Tout en restant inquiète, elle tendit les doigts vers Ren et lui envoya la lumière de la magie sacrée avec une aisance habituelle. Au contact de cette douceur, le coin de ses lèvres se détendit, et Ren sourit aussitôt avec embarras.
« Ça n'a duré qu'un instant, alors ne vous en faites pas. »
Sur ces mots, Ren reprit sa marche et l'académie se rapprocha progressivement.
Après avoir franchi la porte de l'école et marché un peu, il aperçut Séla et les autres descendants des Sept Héros qui discutaient dans un coin.
Ils remarquèrent leur approche, vinrent à leur rencontre et leur adressèrent la parole sur le ton habituel.
« Bonjour vous deux. »
dit Séla.
Le personnage qui était le protagoniste de la Légende des Sept Héros, Vein, n'était pas là. Il n'y avait que Séla, Nem et Kaito. Autrement dit, les yeux du protagoniste ne pouvaient pas voir Ren et Licia aller à l'école ensemble.
...Enfin, pour Ren, la Légende des Sept Héros comme le fait d'être le protagoniste restaient des choses qu'il ne comprenait pas bien.
« Ah ? Aujourd'hui c'est juste vous, Séla ? »
« Vein assiste à une réunion avec des nobles à cause du tumulte précédent. Nous allions y aller aussi, mais comme c'est court, ça a l'air d'aller. »
« L'autre fois, vous n'avez pas eu une audience avec Sa Majesté l'Empereur ? »
« C'est une autre affaire. Et comme Sa Majesté a des devoirs officiels au Grand Mausolée, il a l'air très occupé ces temps-ci. »
« Hein... Il y a des devoirs officiels à faire là-bas ? »
« Le premier prince devient prince héritier, non ? La coutume veut que celui qui devient prince héritier aille saluer la tombe du Roi Lion. »
Effectivement, les manuels mentionnaient l'existence d'un tel rituel.
Puisqu'un prince héritier n'apparaît qu'une fois tous les quelques décennies, beaucoup de gens l'ignorent s'ils n'en ont pas entendu parler en cours.
« Fwaa... » Séla laissa échapper un bâillement soudain.
« Je n'ai pas encore repris le rythme après les vacances. ...Au fait, qu'est-ce que vous avez fait pendant l'été, Licia ? »
« Presque pareil que d'habitude. Je faisais toujours de l'entraînement ou du travail... Ah, mais j'ai pu faire regarder mon épée par le professeur plus que d'habitude. »
« Le professeur, c'est sûrement... »
« Pas la peine de chercher tes mots. C'est bien celle à qui tu penses, Séla. La sœur de ma mère. Ma tante. »

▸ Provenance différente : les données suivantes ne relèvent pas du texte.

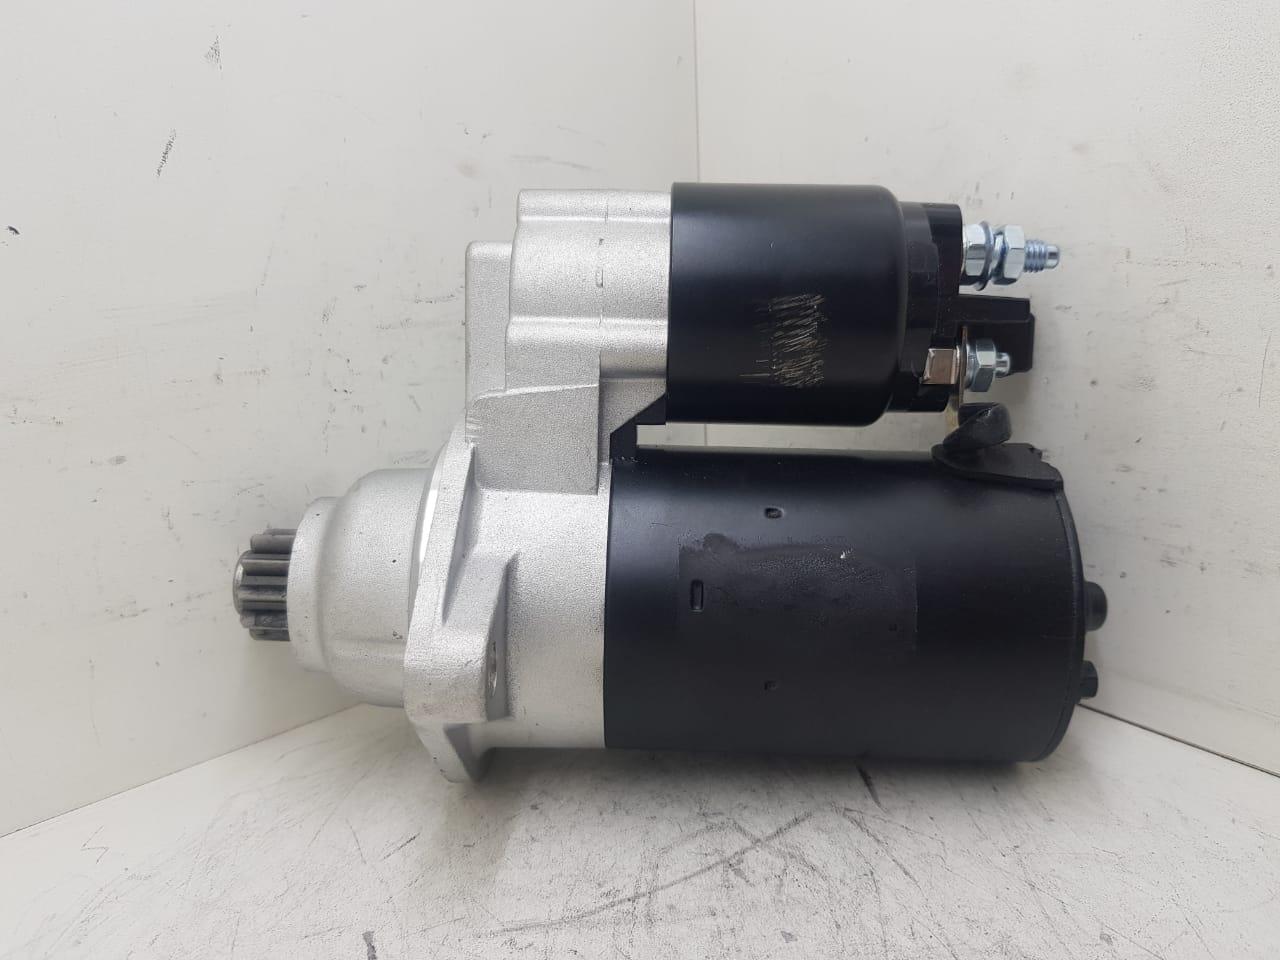 Motor de arranque VW GOL PARATI 1.0 8V 16V 96 ATE 2007 MI BOSCH 12V 10 DENTES F000AL0401 F000AL0414 377911023 B 80 125 01 E 20527 D 20305 AEC11003
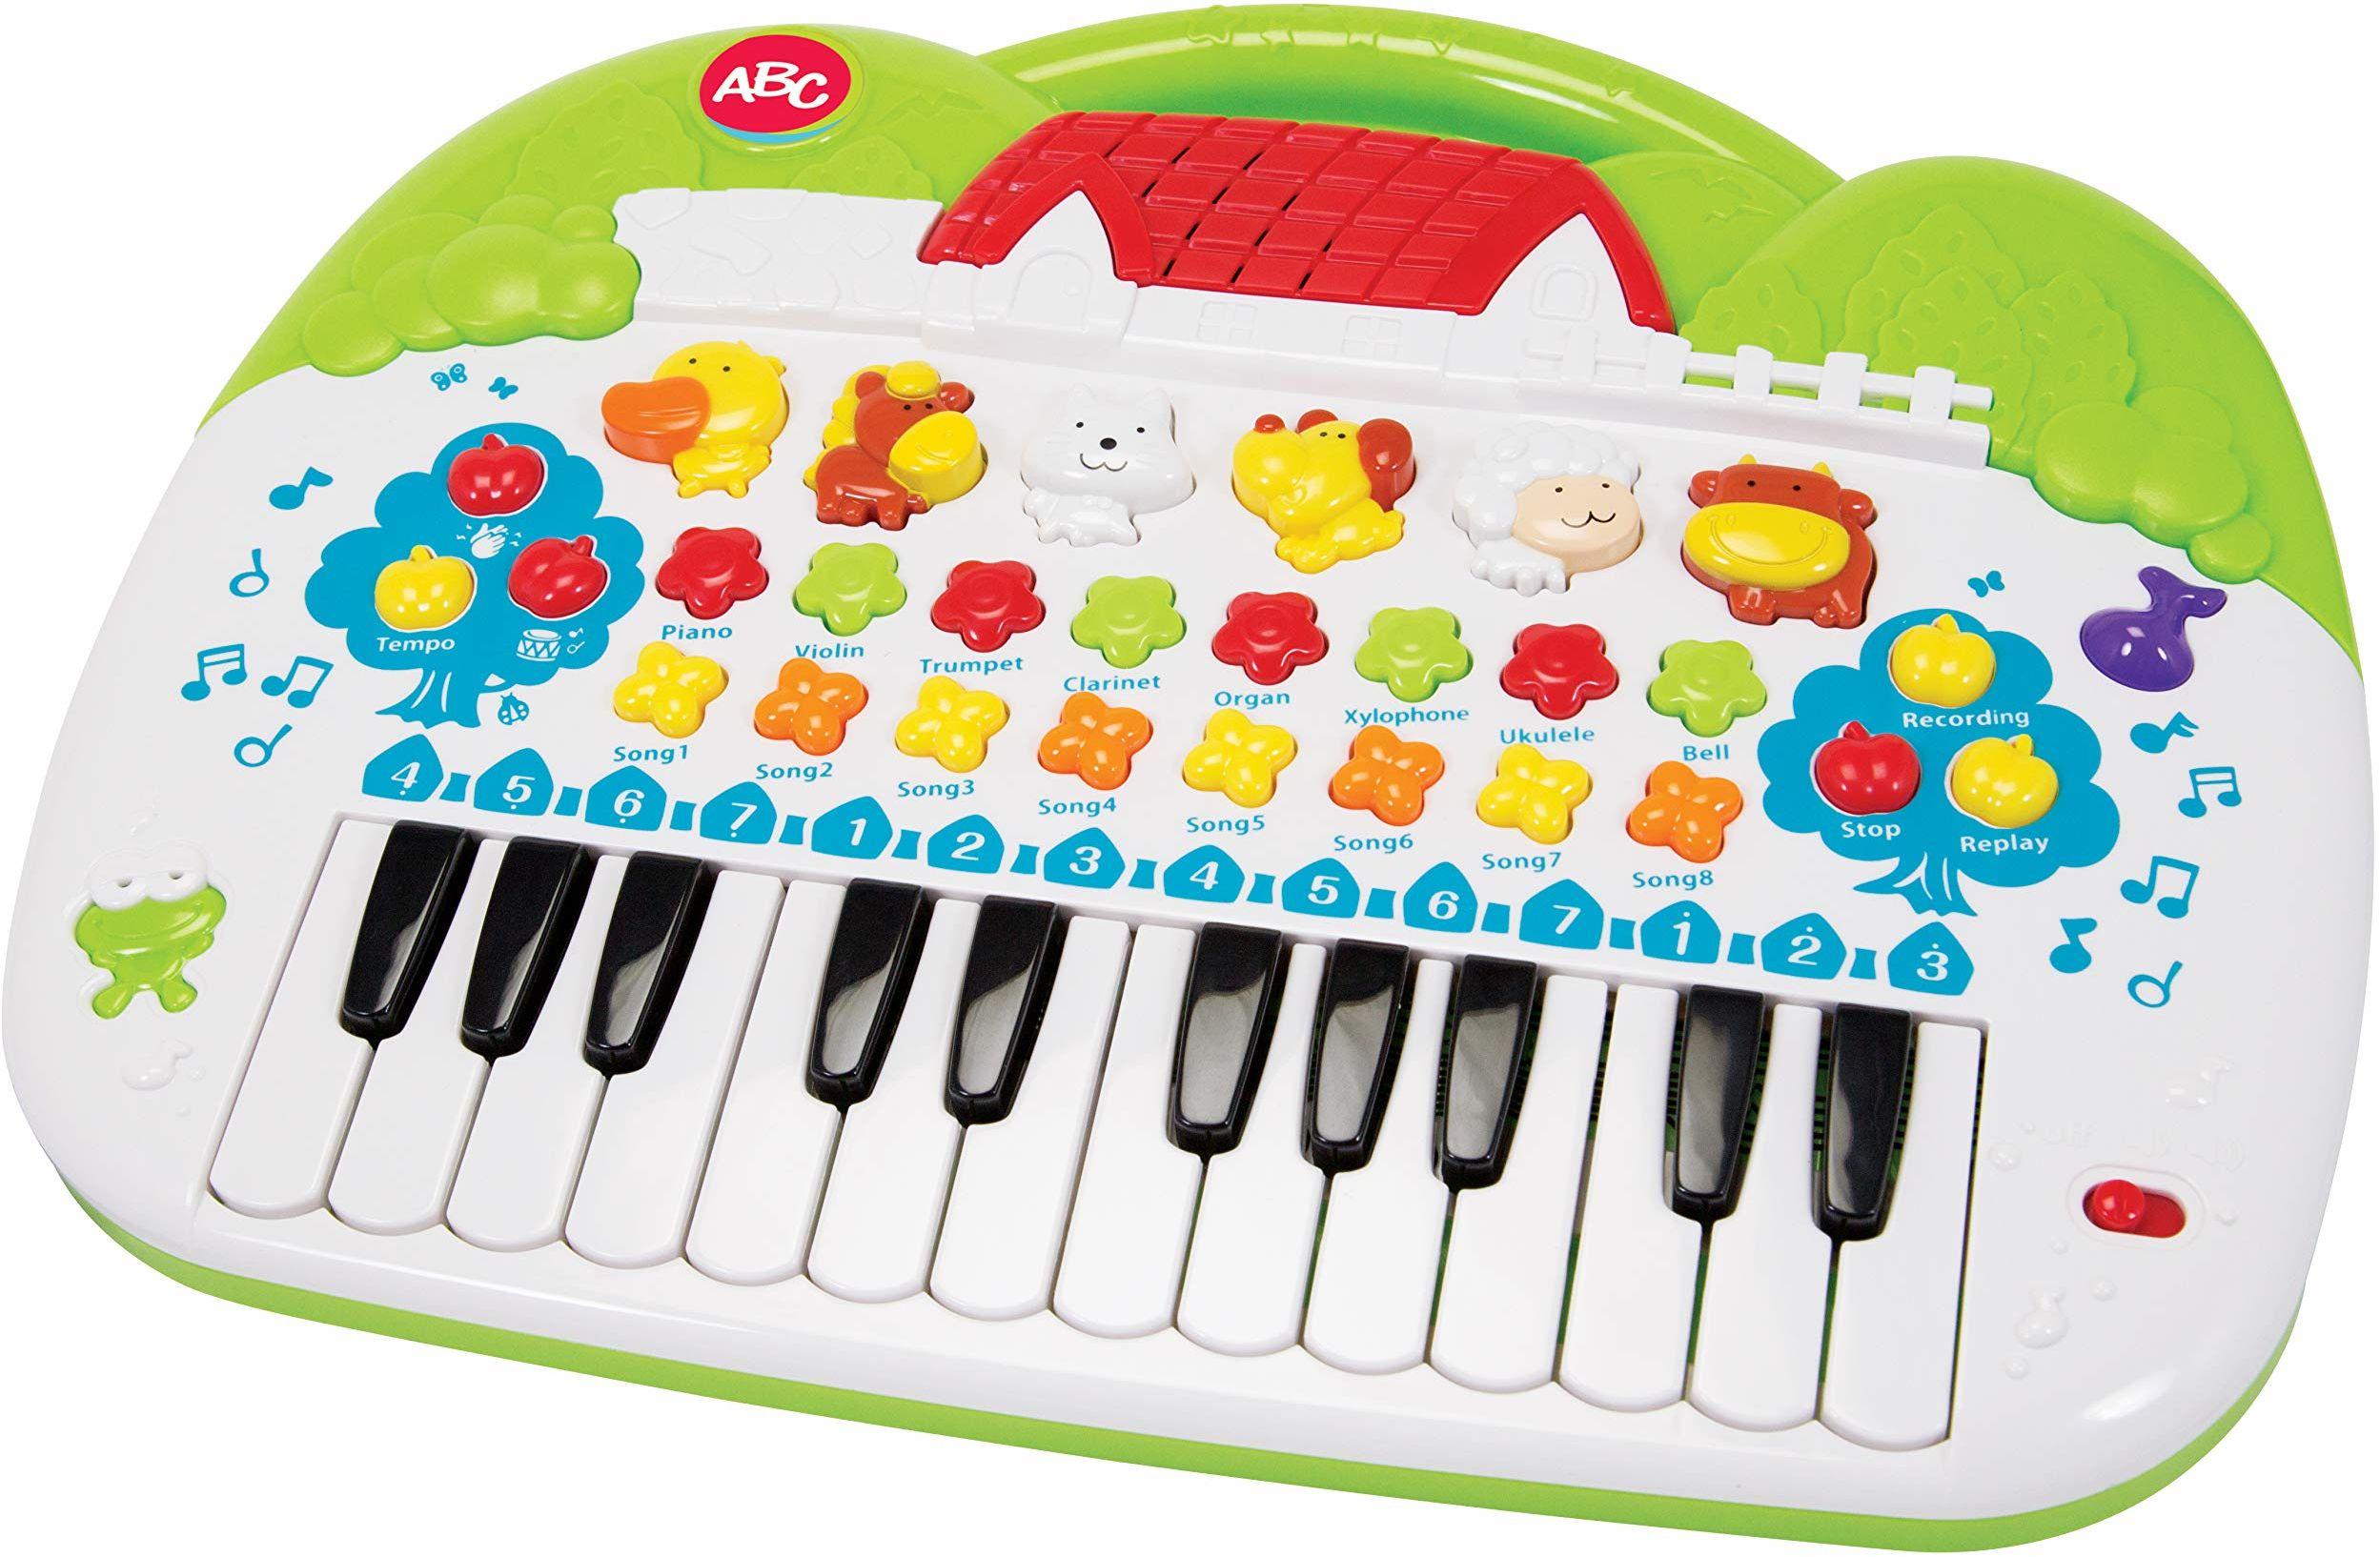 Simba 104018188 - ABC keyboard 28 x 39 cm

Séla avait hésité en pensant à Licia qui avait perdu sa mère étant enfant, mais sur sa réponse, elle sourit : « Ah, cette personne. »
« Dis dis, le prof de Licia-chan c'est un saint de l'épée ? »
« C'est une maître de l'épée. Son épée est bien plus belle que la mienne, je pense que tu serais surprise de la voir, Séla. »
Tout en les écoutant, Ren réfléchissait.
Lui aussi, comme avant le début des vacances, allait presque tous les jours à l'Église du Lion-Saint...
(Hé... Pourquoi ai-je pensé à l'Église du Lion-Saint ?)
Sans comprendre, il s'arrêta et baissa les yeux vers ses pieds, le regard trouble.
« Ashton ? Hé, Ashto~n ? »
Kaito et les autres descendants des Sept Héros regardaient Ren, se demandant ce qui se passait.
Mais le visage de Licia changea, suite à leur échange sur le chemin de l'école. Elle prit à nouveau la main de Ren, l'air inquiet.
« Ren, il s'est passé quelque chose, c'est sûr ? »
Ren afficha un sourire au lieu de dire que tout allait bien.
Et il regarda Licia...
...lui parlant sur le ton habituel.
« J'ai l'impression d'avoir oublié quelque chose. »
Après s'être justifié ainsi.
« Donc ça va, Licia. »
Licia, Séla, Kaito.
Et même les élèves qui marchaient à proximité.
Soudain, comme si l'air lui-même s'était figé, Licia, les yeux fixés sur Ren, rougit brusquement.
« N-n-n-non !? »
D'une agitation sans précédent, elle fixa Ren avec incrédulité.
Le brouhaha alentour n'atteignait déjà plus ses oreilles.
« M-mmais ! Qu'est-ce qui t'arrive tout à coup !? C'est pas que je n'aime pas mais... ! »
Alors, Séla et les autres, qui s'étaient tus jusqu'ici, prirent la parole.
« Ren !? Pourquoi tu appelles soudain Licia sans honorifique !? »
« Hein ? Je l'appelle toujours Licia, non ? »
Licia intervint en panique.
« Je ne t'ai pas autorisé ! Tout à l'heure quand je t'ai demandé, tu as dit non, alors pourquoi maintenant ! »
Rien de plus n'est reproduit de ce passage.